En ese orden invertido de las cosas, Evangelina, sus compañeras, su único compañero maestro y aun el resto de los que trabajan en la institución “pagan” con el cuerpo el doble cargo, “porque son comunes las enfermedades y las recaídas, porque no es sólo el mito de que a la maestra se le va la voz, que desaparece nomás. También se te va el equilibrio psicológico y se te van los anticuerpos; no hay defensas que resistan a jornadas diarias de veinte horas con aulas de 37 chicos en cada turno”. Y reconoce –“ahora que lo pienso mejor”– que en los últimos quince años bajó mucho la edad de las maestras que realizan “tareas pasivas” por indicación médica, en algún área escolar fuera del aula. “Antes se las veía en esa función a las más ‘veteranas’: muchos años de aula, el desgaste lógico, etcétera. Ahora encontrás en esa situación a maestras de 36, 38 años, como yo.” Porque se desliza inevitable, asiente con la cabeza, pero no le gusta relacionar las fragilidades del cuerpo y de las emociones con su trabajo en lo que se conoce como “el cinturón de violencia” de Laferrère. La designación le suena cruel, detesta insinuarlo siquiera como territorio y sobre todo cuando habla con desconocidos. “Prefiero hablar de barrios humildes, de barrios obreros, aunque de eso quede poco y nada. Hablar de cinturones de violencia, de zonas rojas o de riesgo es marcar, estigmatizar, y precisamente yo elegí pararme en la vereda de la educación para todos, sin demarcaciones territoriales.” Dicho esto incluso admitiendo “esos momentos de debilidad en los que no me siento capacitada para enfrentar situaciones de violencia que se dan desde los alumnos; puedo solucionar un problema de aprendizaje, puedo librarles batallas a la resistencia de algunos chicos desde la contención, el diálogo. Pero, ¿cómo te parás frente a la violencia? Me asusta, me siento desvalorizada como docente; es muy fuerte la sensación de desprotección”.

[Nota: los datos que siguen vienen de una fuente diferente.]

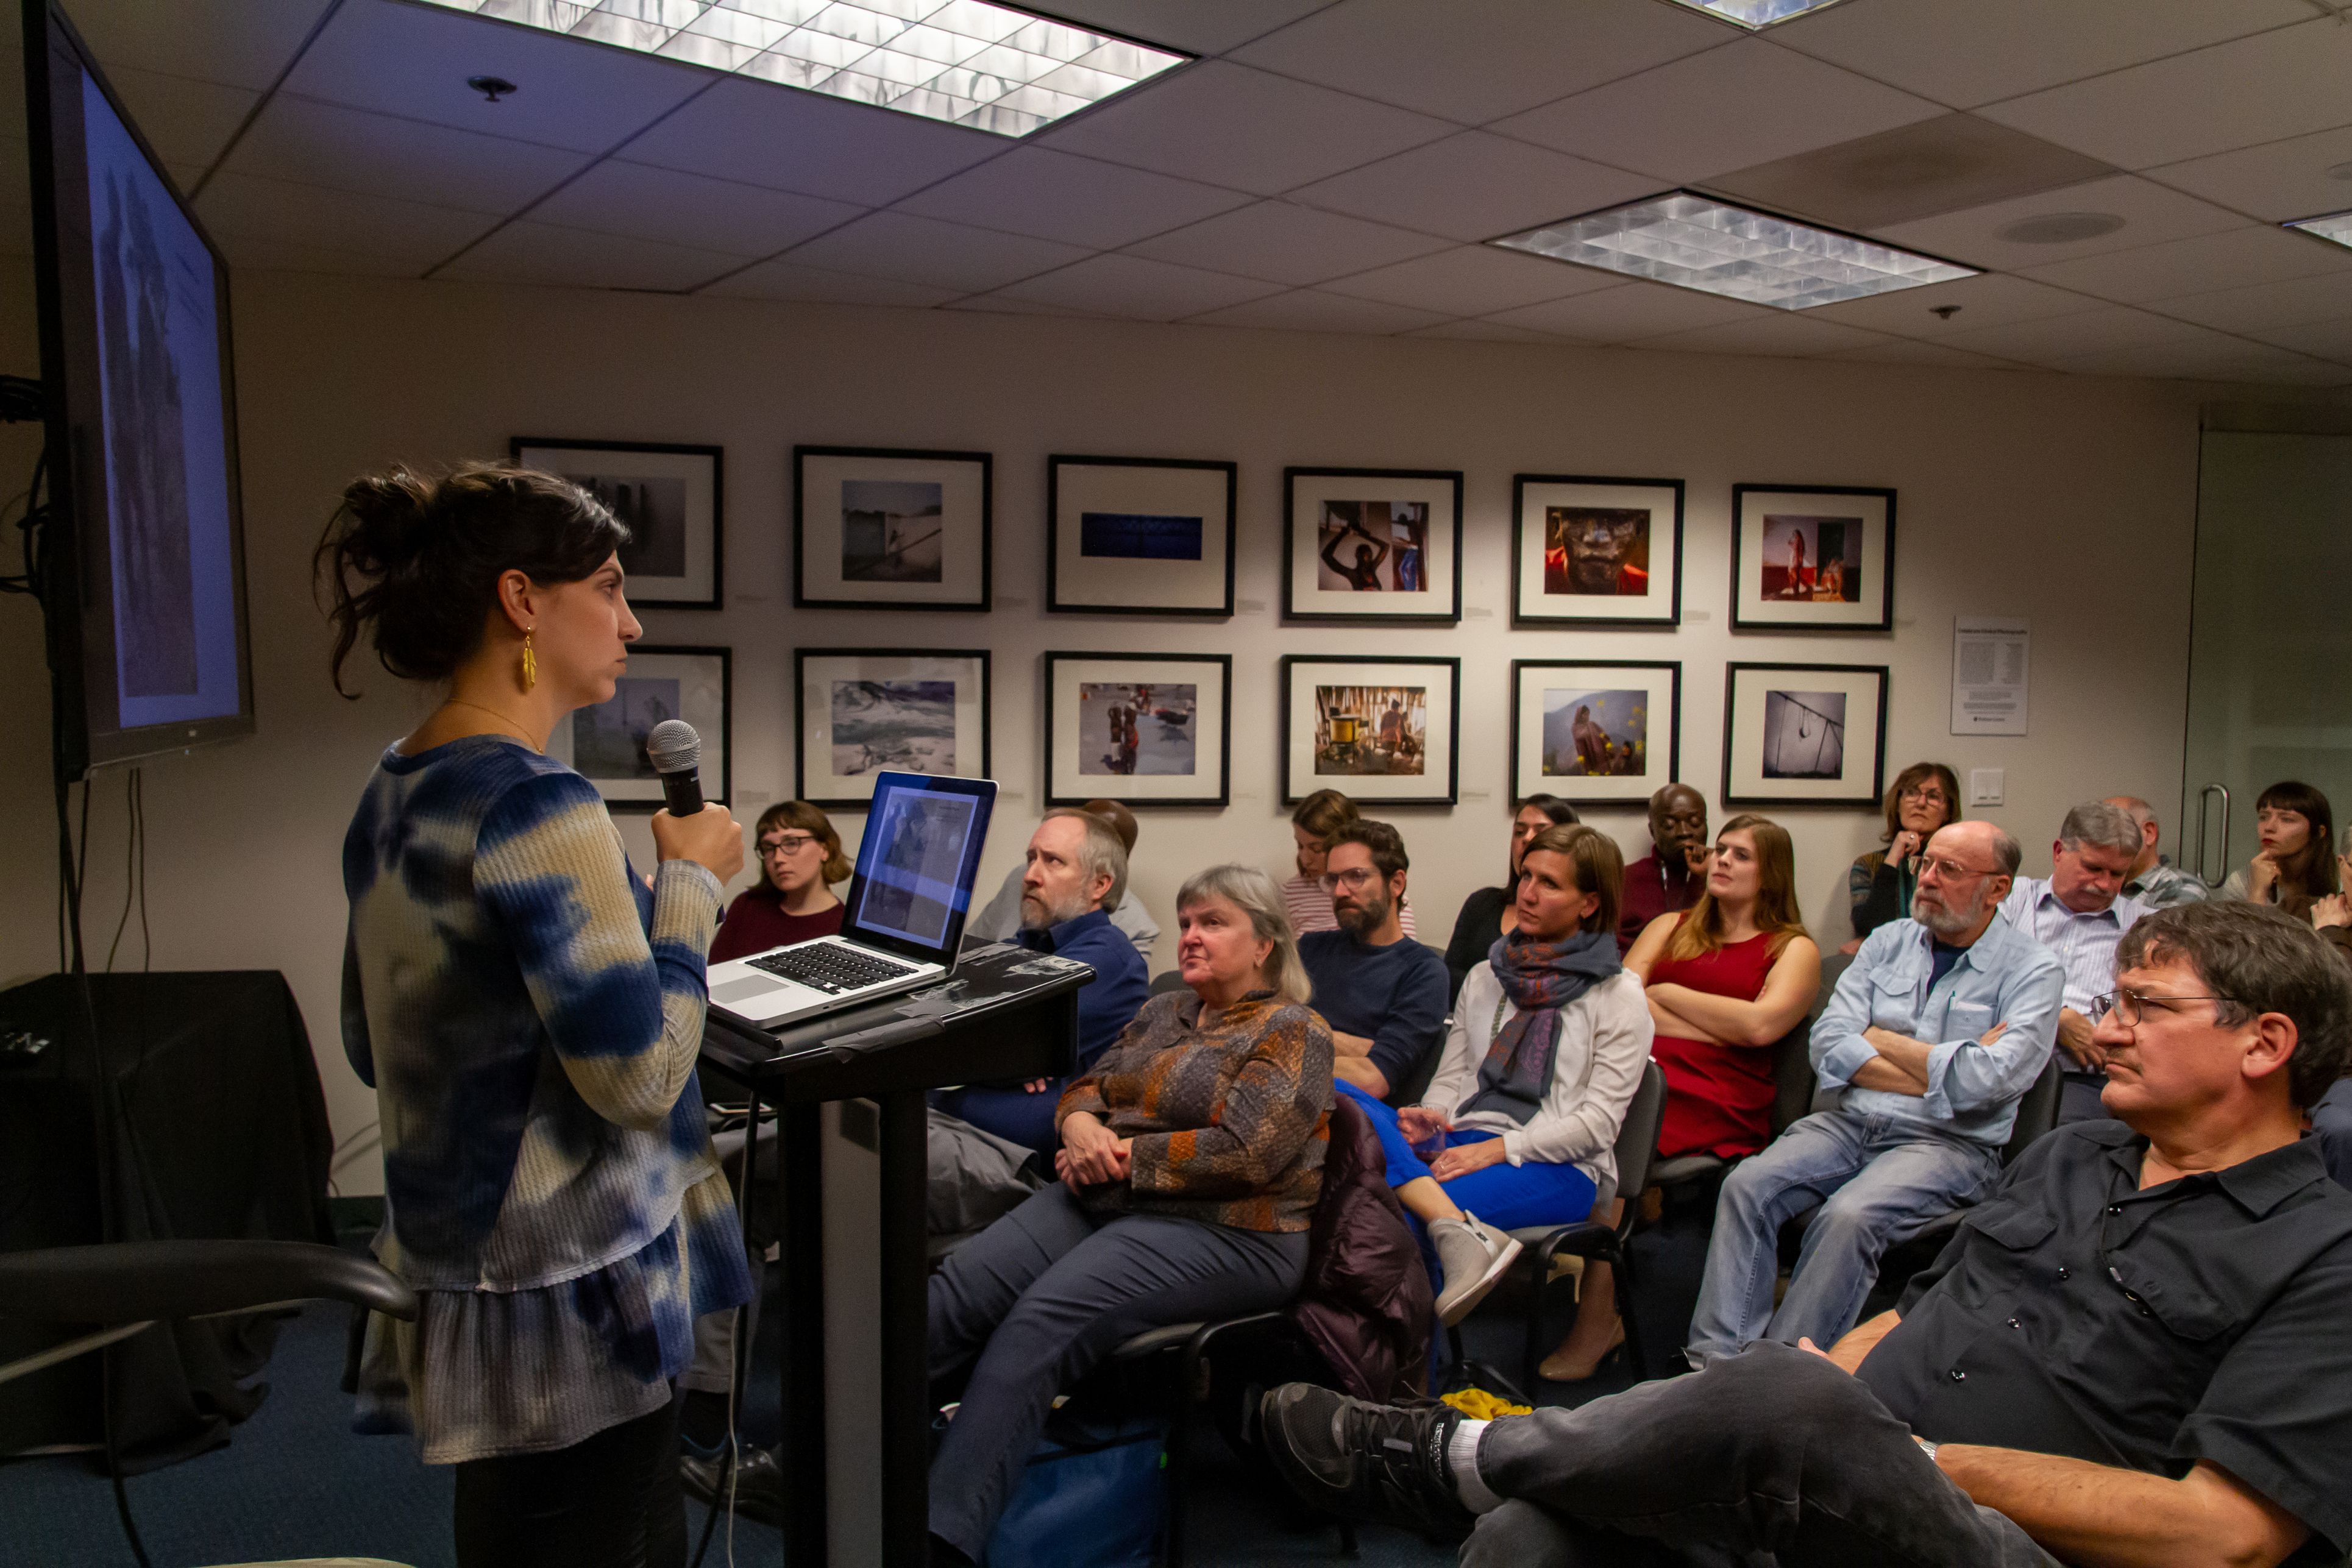 Grantee Mariana Palau speaks to the audience during her Talks @ Pulitzer discussion on Monday, February 3, 2020. Image by Claire Seaton. United States, 2020.

Por suerte para ella (y según ella), Tomás patea con insolencia los nubarrones. “Entre él, mi hija y mi marido me reinstalan los cables a tierra que a veces se te pierden, y estas proximidades, aunque parezcan ajenas a ese otro mundo que amás y padecés al mismo tiempo, también ayudan a refrescar algunas certezas más profundas: mi convencimiento de querer enseñar, entender la escuela como uno de los canales fundamentales para ayudar a estos chicos y entendernos a nosotros, los docentes, como transformadores de esa realidad.”